A sudden wall of LIST requests pins API server CPU, climbs memory, spikes etcd read latency, and lags controllers. The culprit is usually a watch storm: hundreds or thousands of clients simultaneously re-listing because their watch connections failed or fell behind. Each re-list triggers an expensive etcd range scan and serializes all matching objects. Under load, this saturates CPU, fills network bandwidth, and can trigger APF throttling or memory pressure. If the API server restarts before the storm subsides, the cycle repeats.

What this means

Kubernetes informers use a list-then-watch cycle. The client LISTs to establish a baseline, then opens a long-lived WATCH to receive deltas. The API server serves most WATCH requests from an in-memory cache holding a bounded history window per resource type. If a watcher falls behind that window, or if the requested resourceVersion is too old, the server returns 410 Gone and closes the connection.

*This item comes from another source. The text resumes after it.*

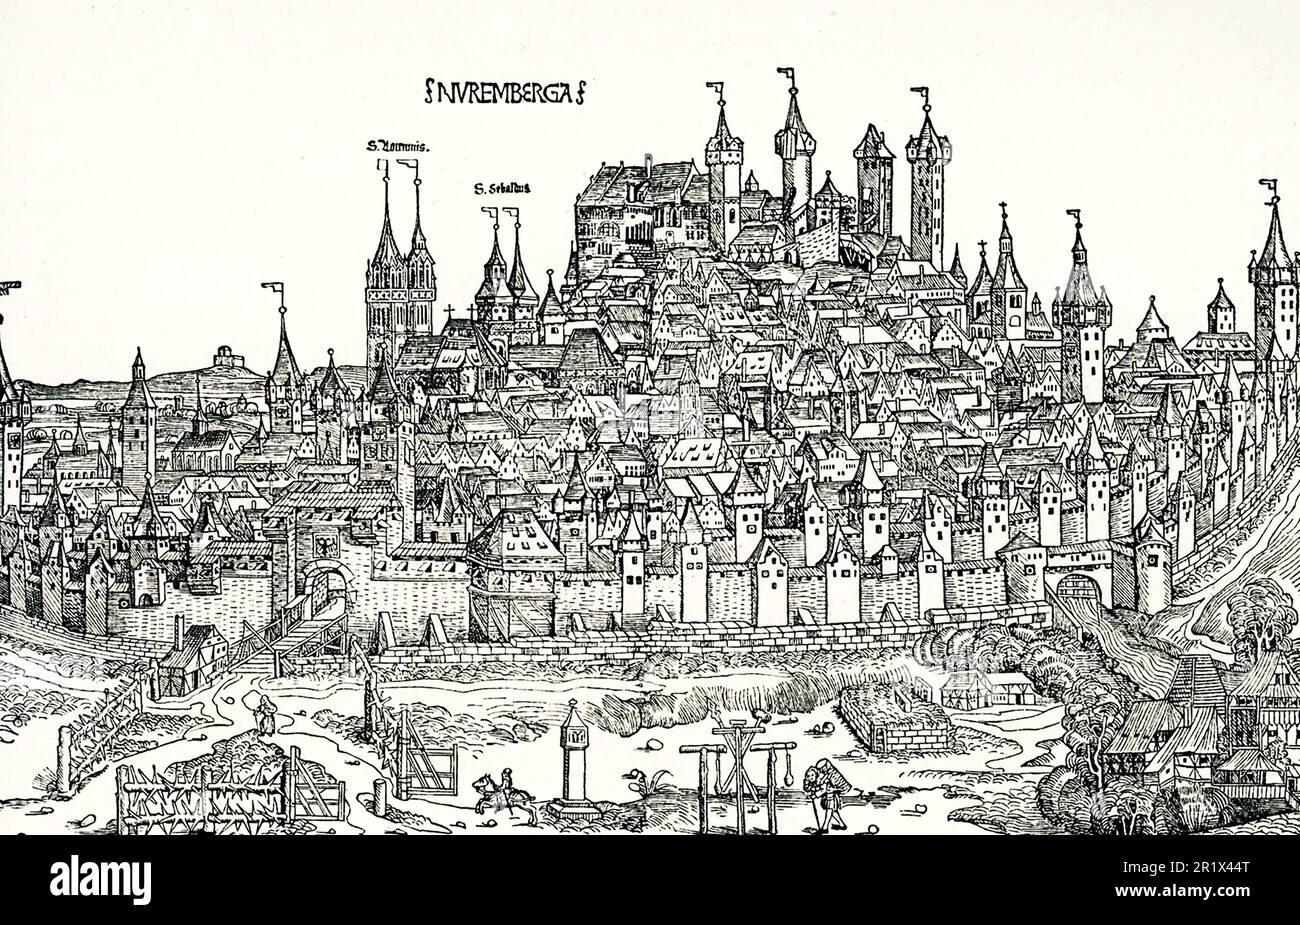 Der Titel von 1906 lautet: "Blick auf die Stadt Nürnberg im 15. Jahrhundert. Aus Hartmann Schedels Chronik der Welt." Hartmann Schedel (1440-1514) war ein deutscher Historiker, Arzt, Humanist und einer der ersten Kartografen, der die Druckerpresse nutzte. Er schrieb den Chronicle 1493. Stockfoto

The client must restart with a full LIST.

A watch storm begins when many clients lose WATCH connections simultaneously and issue fallback LISTs together. Each re-list is an etcd range scan followed by serialization of every matching object. In large clusters, a single LIST can allocate temporary memory roughly equal to several multiples of the response size. When hundreds of informers, controllers, and kubelets do this at once, CPU saturates, etcd read latency rises, and bandwidth fills with multi-megabyte payloads.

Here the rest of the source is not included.